I've always said that college athletics are like politics. Public perception is the name of the game. Just as politicians live and die on the opinions of voters, the success of athletic departments is dependent on the opinions of 18-year-old high school athletes.
Voters' and recruits' opinions are often uneducated, but few people care when it comes to winning and losing. A vote is a vote, just like a five-star recruit is a five-star recruit. Does it matter how you get people to the polls or recruits on campus? As long as you get the A.J. Greens of the world to address their letter-of-intents to your school, you can take advantage of their athletic talents.
National championship-level teams consistently recruit the highest-rated players. It's a fact of life, and while there's always outliers like Luke Kuechly, statistcally, the best teams amass the most five- and four-star talents. Athletic departments like to boast about graduation rates, but at the end of the day, fans care more about wins than they do watching the backup kicker walk across the stage at graduation.
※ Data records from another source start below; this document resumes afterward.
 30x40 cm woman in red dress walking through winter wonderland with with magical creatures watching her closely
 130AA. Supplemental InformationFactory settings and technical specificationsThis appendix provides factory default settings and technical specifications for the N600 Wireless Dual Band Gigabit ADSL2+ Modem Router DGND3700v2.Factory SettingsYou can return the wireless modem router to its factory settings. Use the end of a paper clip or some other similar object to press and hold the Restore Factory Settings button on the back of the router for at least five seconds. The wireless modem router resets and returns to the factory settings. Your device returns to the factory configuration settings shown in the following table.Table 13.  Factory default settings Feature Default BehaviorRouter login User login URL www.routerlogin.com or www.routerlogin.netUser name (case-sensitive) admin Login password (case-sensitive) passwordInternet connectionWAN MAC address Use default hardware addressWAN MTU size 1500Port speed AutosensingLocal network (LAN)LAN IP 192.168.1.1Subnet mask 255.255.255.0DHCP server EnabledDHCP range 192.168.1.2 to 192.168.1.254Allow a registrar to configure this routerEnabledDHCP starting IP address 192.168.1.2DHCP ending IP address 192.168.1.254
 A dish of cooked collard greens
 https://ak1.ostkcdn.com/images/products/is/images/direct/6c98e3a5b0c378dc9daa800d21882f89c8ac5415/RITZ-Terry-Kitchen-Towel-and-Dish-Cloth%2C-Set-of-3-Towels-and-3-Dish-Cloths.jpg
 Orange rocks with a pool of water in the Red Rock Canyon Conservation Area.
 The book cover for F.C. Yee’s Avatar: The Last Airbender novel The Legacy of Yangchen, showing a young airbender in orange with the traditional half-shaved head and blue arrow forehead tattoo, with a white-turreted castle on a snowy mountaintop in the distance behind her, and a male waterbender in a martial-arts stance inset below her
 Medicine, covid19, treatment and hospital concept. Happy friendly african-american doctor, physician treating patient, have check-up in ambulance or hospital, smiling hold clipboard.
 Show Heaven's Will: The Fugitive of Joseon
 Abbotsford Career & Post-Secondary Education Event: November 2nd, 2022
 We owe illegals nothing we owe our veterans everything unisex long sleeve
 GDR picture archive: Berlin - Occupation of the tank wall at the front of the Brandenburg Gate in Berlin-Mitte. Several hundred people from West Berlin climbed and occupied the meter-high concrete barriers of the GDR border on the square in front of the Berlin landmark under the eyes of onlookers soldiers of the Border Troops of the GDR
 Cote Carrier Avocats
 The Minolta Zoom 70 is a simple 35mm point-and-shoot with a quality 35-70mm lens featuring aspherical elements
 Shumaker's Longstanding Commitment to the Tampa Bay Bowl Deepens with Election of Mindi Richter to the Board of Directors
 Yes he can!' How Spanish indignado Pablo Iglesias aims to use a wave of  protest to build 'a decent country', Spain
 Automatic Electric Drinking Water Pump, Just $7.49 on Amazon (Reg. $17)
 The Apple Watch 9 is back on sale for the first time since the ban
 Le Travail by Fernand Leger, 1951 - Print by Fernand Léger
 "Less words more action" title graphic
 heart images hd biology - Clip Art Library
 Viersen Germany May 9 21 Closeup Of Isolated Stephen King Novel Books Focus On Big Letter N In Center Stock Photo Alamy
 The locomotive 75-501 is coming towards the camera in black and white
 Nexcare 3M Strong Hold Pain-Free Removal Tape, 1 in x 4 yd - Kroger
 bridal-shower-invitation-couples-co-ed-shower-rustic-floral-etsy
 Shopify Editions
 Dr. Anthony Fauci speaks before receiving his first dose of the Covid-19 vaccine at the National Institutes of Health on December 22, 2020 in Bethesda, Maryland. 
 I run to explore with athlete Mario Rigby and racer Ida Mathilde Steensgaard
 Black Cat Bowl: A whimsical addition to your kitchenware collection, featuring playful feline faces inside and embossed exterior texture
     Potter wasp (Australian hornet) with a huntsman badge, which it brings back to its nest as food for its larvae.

For the past 10 months, everyone's watched Tennessee head coach Lane Kiffin put a massive target on the Volunteers' back, all in the name of recruiting. In the process, he pissed off Urban Meyer, Mark Richt, Nick Saban, and Steve Spurrier - four coaches who have combined to win seven of the past nine SEC championships.
Say what you will about Kiffin. He's smug, abrasive, and still just 34-years-old. A lot of people thought Kiffin was going to get his ass handed to him this season, like a cocky freshman would at an upper-classmen party. Meyer's Florida Gators were supposed to hang 60 on Kiffin; Richt and Spurrier were going to walk out of Neyland Stadium with wins; and Saban presumably wasn't even going to acknowledge Kiffin's existence until he'd already dug his grave.
There's simply no middle ground with Kiffin. Had the Volunteers' rivals blown them out this season, his public relations machine would have failed. His recruiting efforts would have sounded shallow, and he would have been run out of town within two years.
But Tennessee went 2-2 in its four most important games, beating Georgia and South Carolina, and hanging close with No. 1 Florida and No. 2 Alabama. Kiffin now can effectively spin Tennessee's losses as moral victories. Oscar Wilde once wrote, "It's not whether you win or lose, it's how you place the blame." And Kiffin can legimately tell recruits that he almost beat the nation's two best teams with a group of players that went 5-7 last season.
Kiffin is a genius at redirecting blame. Since day one, he's said that any attention for Tennessee's football program is positive. He's taken the approach that it's better to be talked about than not; recruits, like every other 18-year-old in the world, are attracted to the spotlight, whether it's positive (winning) or negative (trash-talking). Kiffin will do anything to give his program publicity, whether it's playing rap music at practice or getting Lil Wayne to give him a shout-out in a song lyric.
There's obviously different ways to develop a winning program. But based on the early returns, Lane Kiffin's approach appears to be one of the most effective. He's going to have top recruiting classes every year because his actions, like those of any successful political campaign, are extraordinarily premeditated and manipulative.
It's an approach that few schools have the guts to employ. Kiffin is fast and loose with the NCAA rulebook; he doesn't care about a secondary violation or two. It's risky, and it certainly gets a lot of people riled up. But Tennessee fans definitely aren't going to be complaining if they win a national championship sometime soon.